- Theatrical release poster
- Directed by: R. Ellis Frazier
- Written by: Michael Jai White
- Starring: Michael Jai White Tom Berenger
- Release date: 16 December 2022 (United States);
- Running time: 89 minutes
- Country: Mexico
- Languages: English Spanish

= As Good as Dead (2022 film) =

As Good as Dead is a 2022 Mexican crime action film written by Michael Jai White, directed by R. Ellis Frazier and starring White and Tom Berenger.

==Plot==
Bryant befriends a troubled teen and introduces him to martial arts.
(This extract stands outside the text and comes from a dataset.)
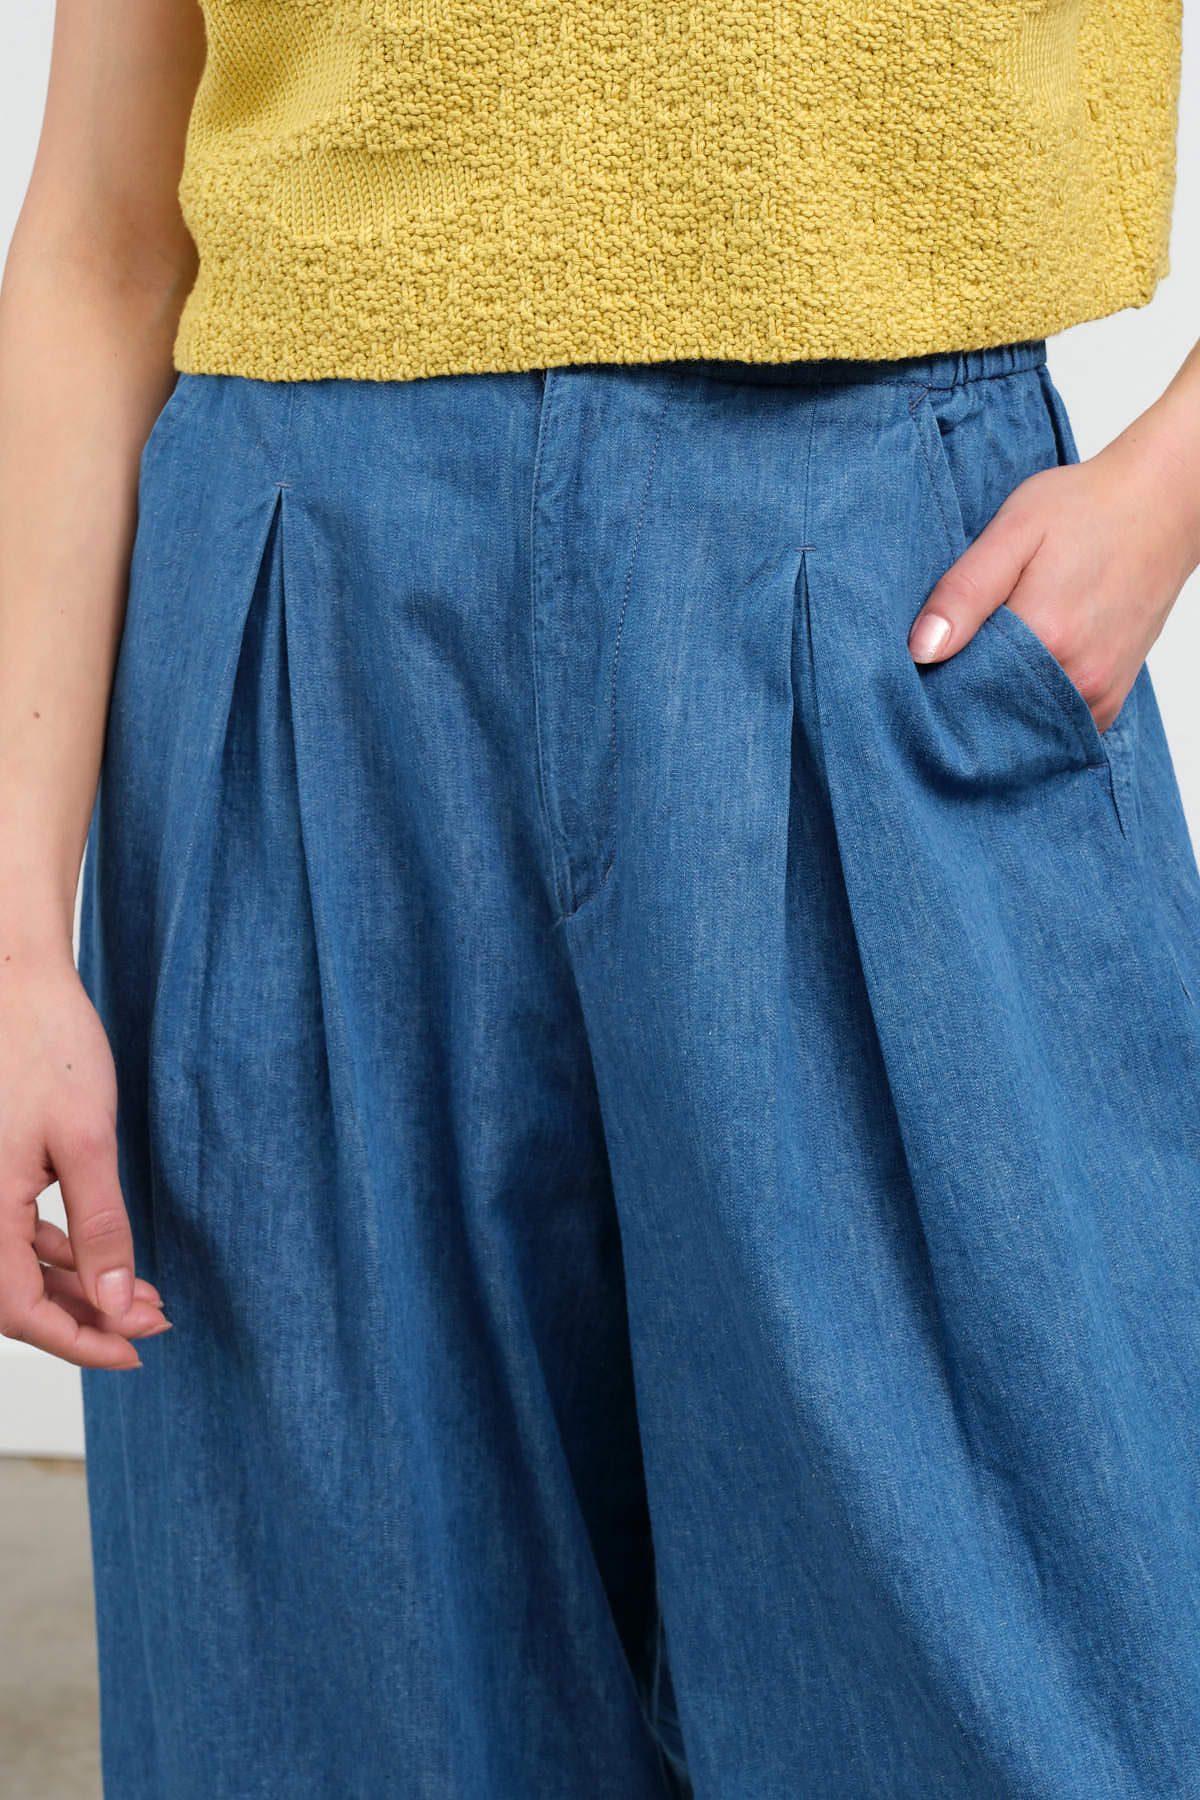 Crotch view of 7 oz Cotton Linen Denim Pants

As Bryant's mysterious and dangerous past catches up to him, he is forced into a life and death struggle to clear his name, save the boy and get back all he left behind.

==Cast==
- Michael Jai White as Bryant
- Tom Berenger as Sonny Kilbane
- Luca Oriel as Oscar
- Guillermo Iván as Hector
- Gabriela Quezada as Marisol

==Release==
The film was released in the United States in theaters and on VOD and digital on 16 December 2022.

==Reception==
The film has a 71% rating on Rotten Tomatoes based on seven reviews. Alan Ng of Film Threat rated the film an 8 out of 10. Jennifer Green of Common Sense Media awarded the film two stars out of five.